10. The lightweight AI model adaptive deployment system for edge computing according to claim 5, characterized in that, The methods for finding the Pareto optimal partitioning scheme set include: For each preliminary partitioning scheme to be optimized, the computational load distribution of each sub-partition under the scheme is calculated based on the sum of the comprehensive computational complexity of the network layers contained in each sub-partition, and the reciprocal of the coefficient of variation of the computational load distribution is defined as the computational balance of the scheme; at the same time, the memory load distribution of each sub-partition under the scheme is calculated based on the sum of the normalized memory usage evaluation values of the network layers contained in each sub-partition, and the reciprocal of the coefficient of variation of the memory load distribution is defined as the memory balance of the scheme.
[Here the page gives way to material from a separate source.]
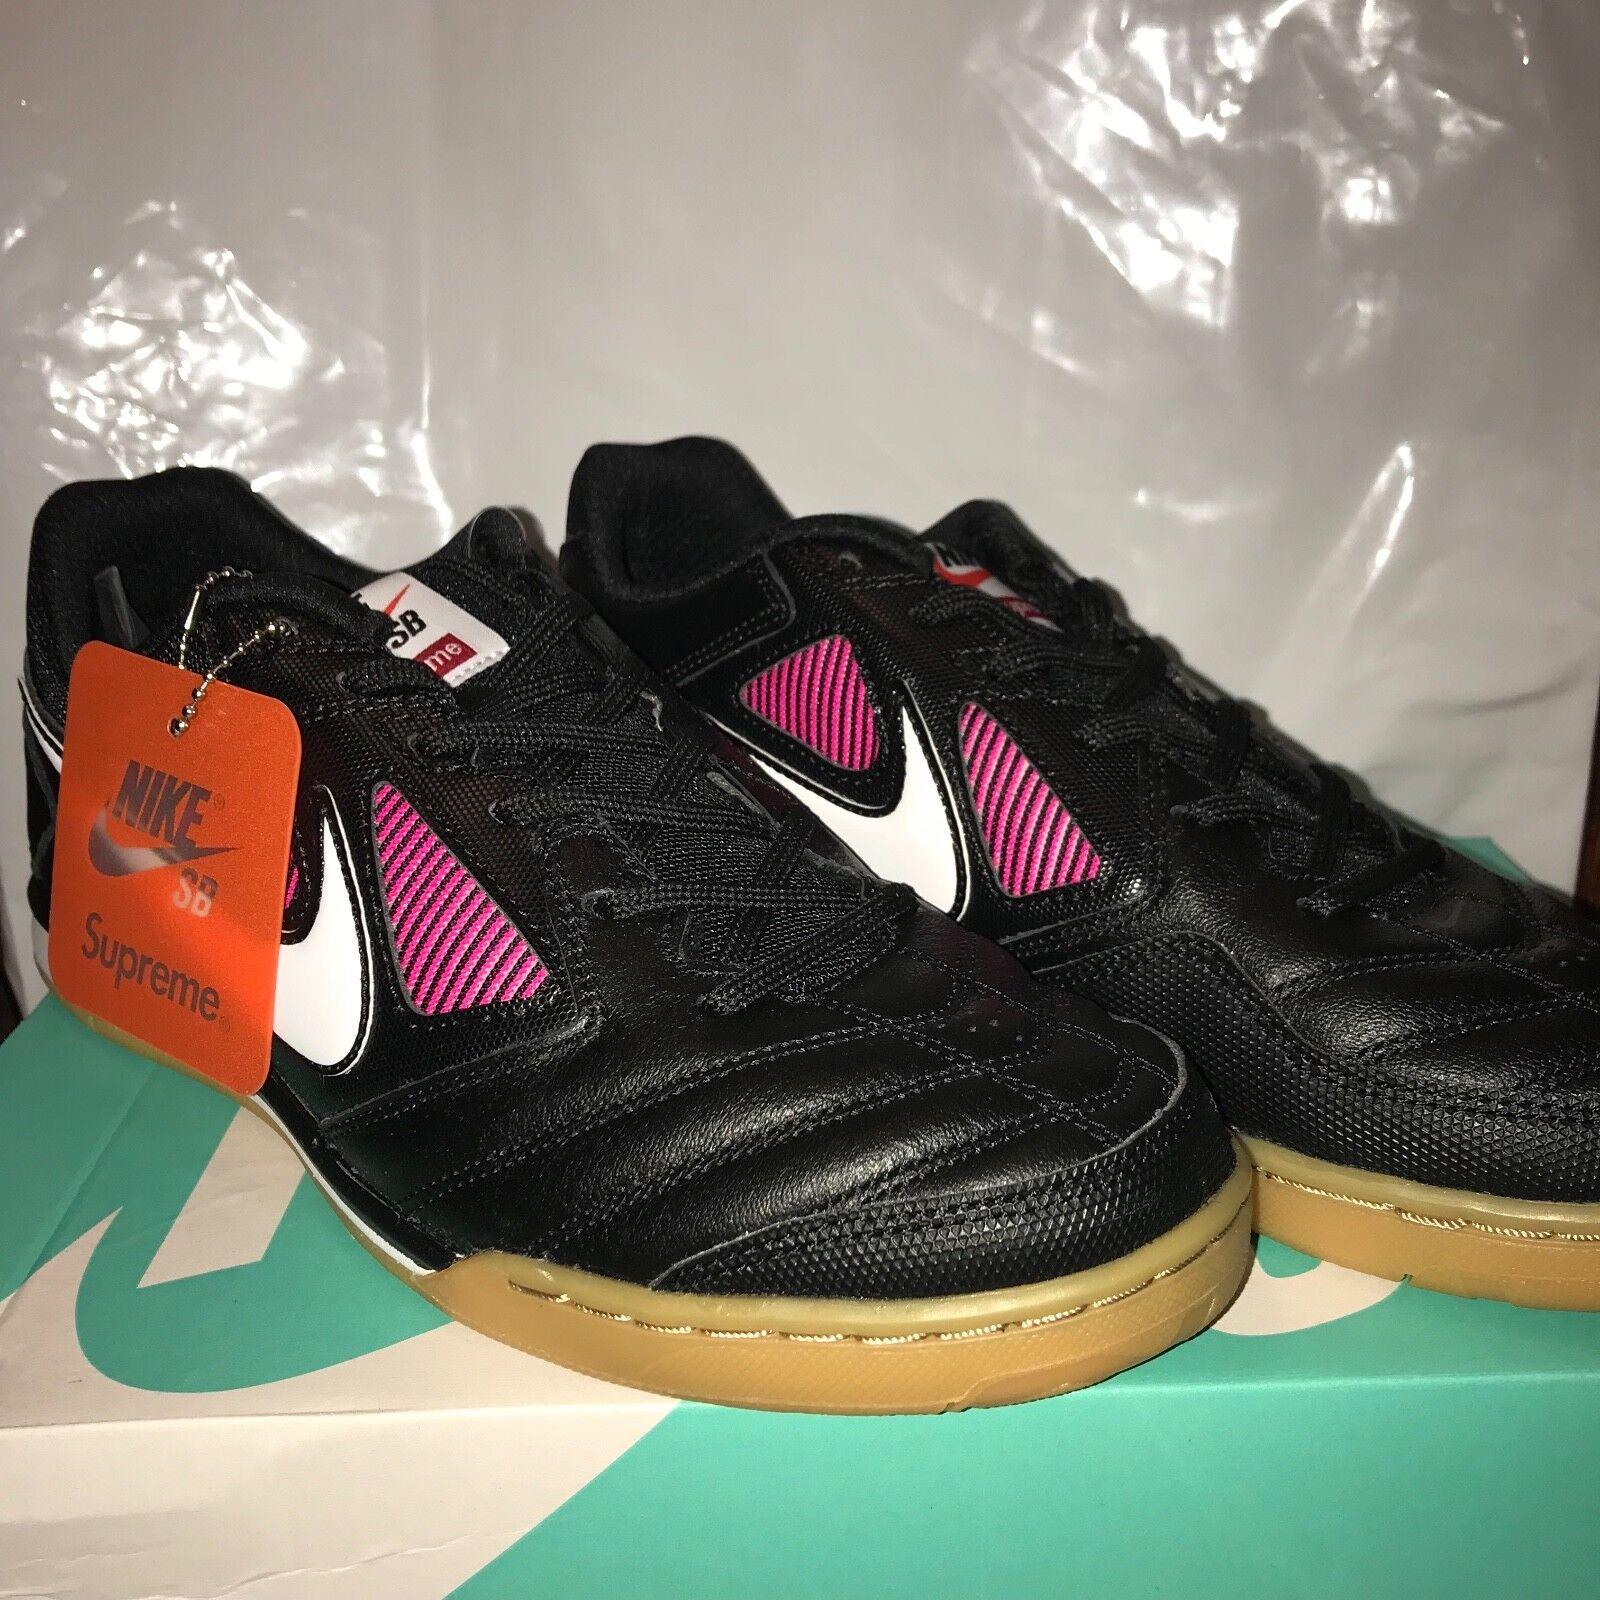 Supreme X Nike SB Gato - Black Purple - US Mens Size 8 - Send Offers

A multi-objective optimization function is constructed, which includes three optimization objectives: maximizing the computational balance, maximizing the memory balance, and minimizing the total communication overhead evaluation value calculated based on the communication overhead prediction model. The multi-objective optimization function is solved using a non-dominated sorting genetic algorithm to initialize the population, where each individual corresponds to an initial splitting scheme and carries its corresponding computational balance, memory balance, and total communication overhead evaluation values as a fitness vector; In each generation of evolution, crossover and mutation operations are performed on the parent individuals to generate a new segmentation scheme for the offspring population. The non-dominant frontier individuals are ranked and selected based on the crowding distance to maintain a balance between population diversity and convergence. The above evolutionary process is iteratively executed until the preset convergence condition is met. The partitioning schemes corresponding to all non-dominated solutions in the final population are extracted to form the Pareto optimal partitioning scheme set.